Pharmacovigilance remains essential within this delicate metabolic context. A recent case report described severe hypercalcemia in a stage 3 CKD patient receiving hydrochlorothiazide who initiated tirzepatide therapy, highlighting the vulnerability of the bone-kidney axis in the setting of polypharmacy and emerging treatments[134].

As we look toward the future of CKD-MBD management, it remains essential to learn from past challenges and refine our diagnostic precision, particularly in distinguishing CKD-related bone disease from age-related osteoporosis, a distinction that will become increasingly important in an aging population.

CKD-MBD, although distinct from age-related osteoporosis, shares some overlapping clinical features while arising from fundamentally different pathophysiological mechanisms. CKD-MBD encompasses a spectrum of bone abnormalities, collectively termed renal osteodystrophy, including high-turnover bone disease (e.g., osteitis fibrosa due to sHPT), low-turnover disease (ABD), and mixed forms. These are driven by disturbances in mineral metabolism (calcium, phosphate, PTH, vitamin D, FGF23) and are often accompanied by vascular calcification. CKD-MBD can manifest early in CKD progression, and bone fragility in CKD is not solely explained by BMD but also by compromised bone quality, including microarchitecture and mineralization defects[135-137].

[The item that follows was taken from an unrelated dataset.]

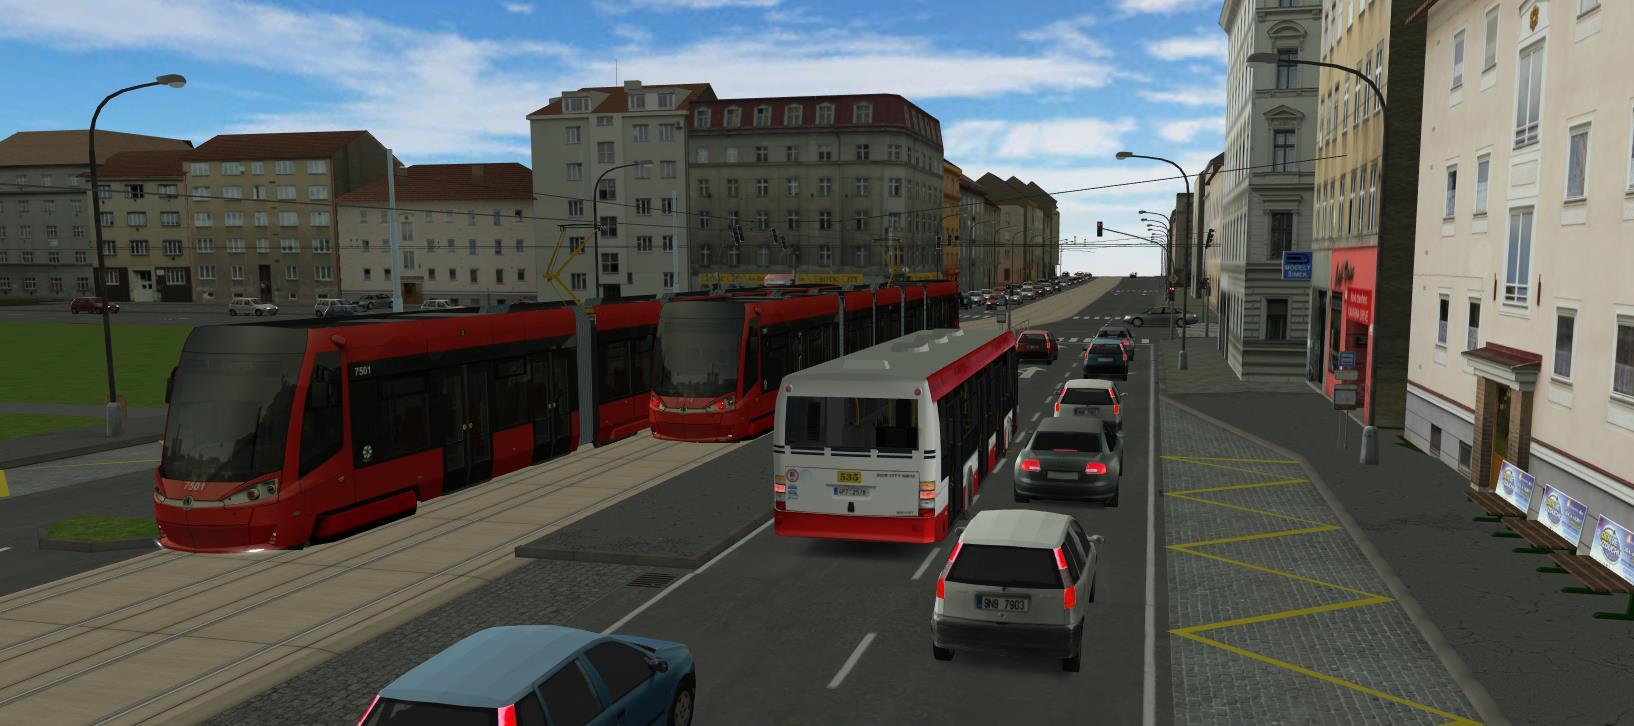 SIMT MHD - Český mhd simulátor, první hra s pořádnými trolejbusy 12755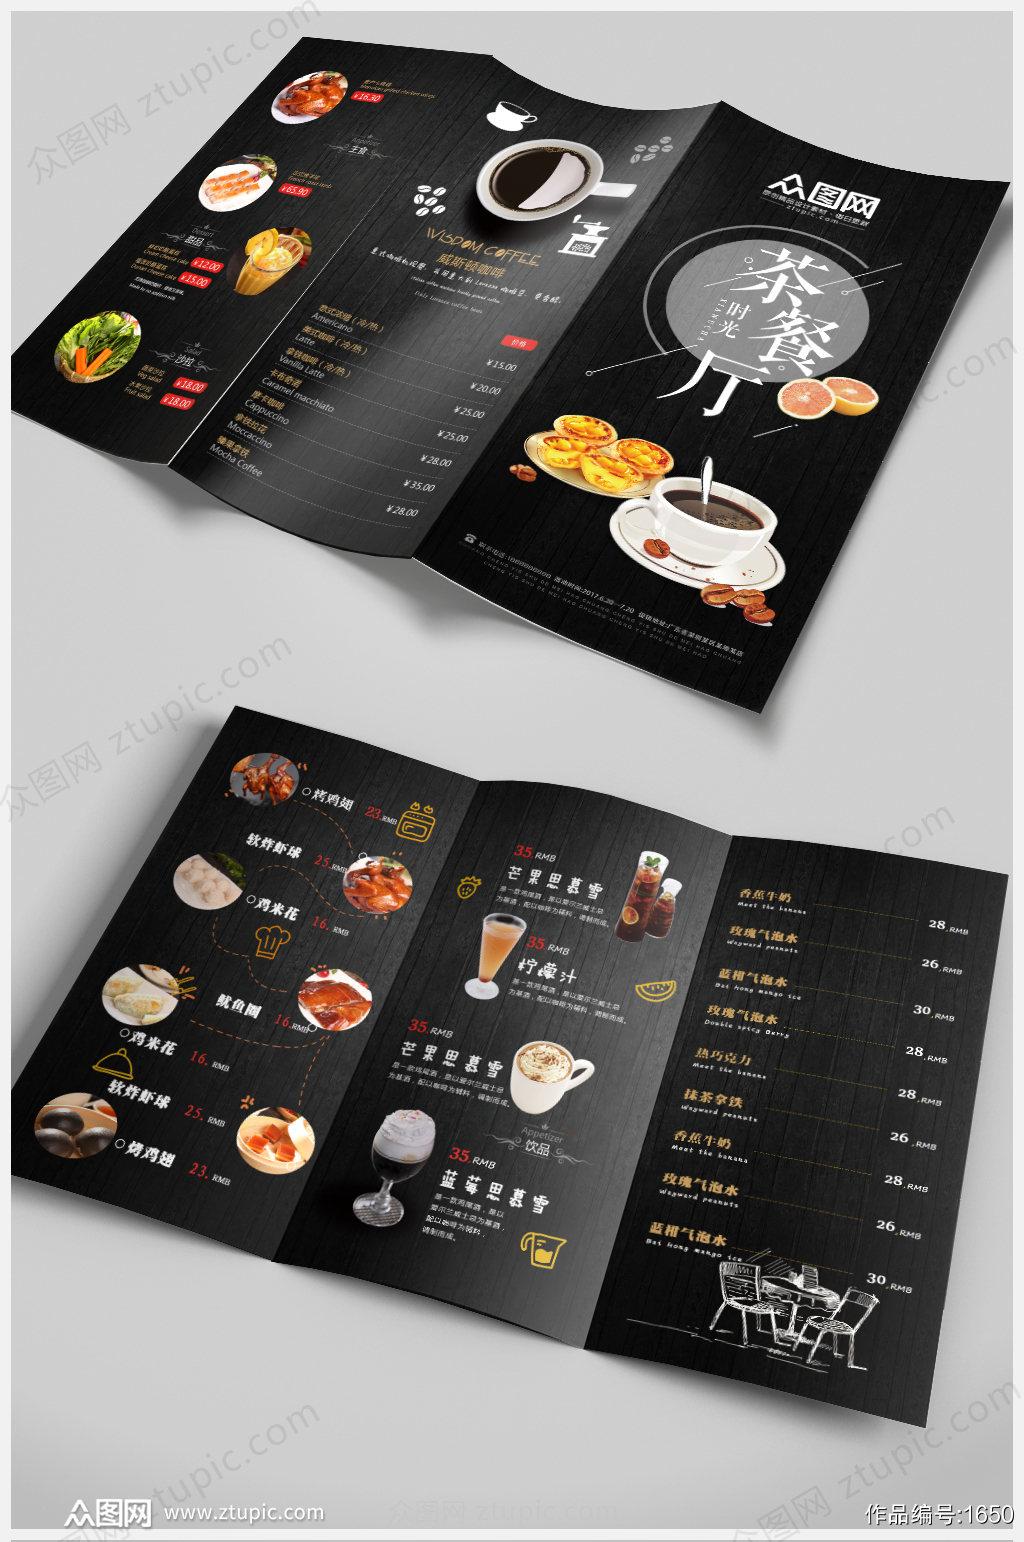 简约黑色茶餐厅美食饮品菜单三折页菜谱内页素材

Age-related osteoporosis is characterized by an imbalance favoring bone resorption over formation, primarily due to estrogen deficiency, cellular senescence, and intrinsic aging processes. It typically presents as low BMD and microarchitectural deterioration, leading to increased fracture risk in older adults. The pathogenesis is multifactorial, involving hormonal changes, increased oxidative stress, and impaired osteoblast function[138-140].

Diagnostic approaches differ: In osteoporosis, BMD assessment by DXA is central, while in CKD, BMD may underestimate fracture risk due to additional bone quality deficits. Bone biopsy is the gold standard for distinguishing renal osteodystrophy subtypes but is rarely performed; non-invasive methods (e.g., trabecular bone score, high-resolution imaging) are increasingly used[140-141].

Therapeutic strategies diverge: Osteoporosis is managed with antiresorptive and anabolic agents, lifestyle modification, and calcium/vitamin D supplementation. In CKD-MBD, treatment targets underlying mineral disturbances (e.g., phosphate binders, vitamin D analogs, calcimimetics), and anti-osteoporotic drugs are used cautiously, especially in advanced CKD, due to concerns about ABD and lack of robust efficacy/safety data[142].

In summary, CKD-related bone disease is a complex, multifactorial disorder involving both bone quantity and quality, distinct from the primarily age-driven pathogenesis of osteoporosis, though both increase fracture risk and share overlapping clinical features.

CONCLUSION

The management of bone fragility in CKD extends far beyond the correction of PTH or calcium levels. It requires an integrated, patient-centered approach encompassing lifestyle modifications, correction of vitamin deficiencies, phosphate control, and the judicious use of calcimimetics. The addition of antiresorptive or anabolic agents, and targeted post-transplant interventions further enriches the therapeutic arsenal, although their application must be carefully tailored to CKD stage and underlying bone turnover status.

Ongoing advancements in diagnostic technologies and biomarker development promise more precise evaluation of bone quality and turnover, while sustained pharmacovigilance will be crucial as novel agents enter nephrology practice. Ultimately, the kidney-bone axis should be regarded not merely as a secondary concern, but as a central determinant of systemic health. Its disruption contributes to fractures, vascular calcification, cardiovascular events, and reduced survival. Protecting this axis means preserving not only skeletal integrity but also quality of life and longevity for patients living with CKD.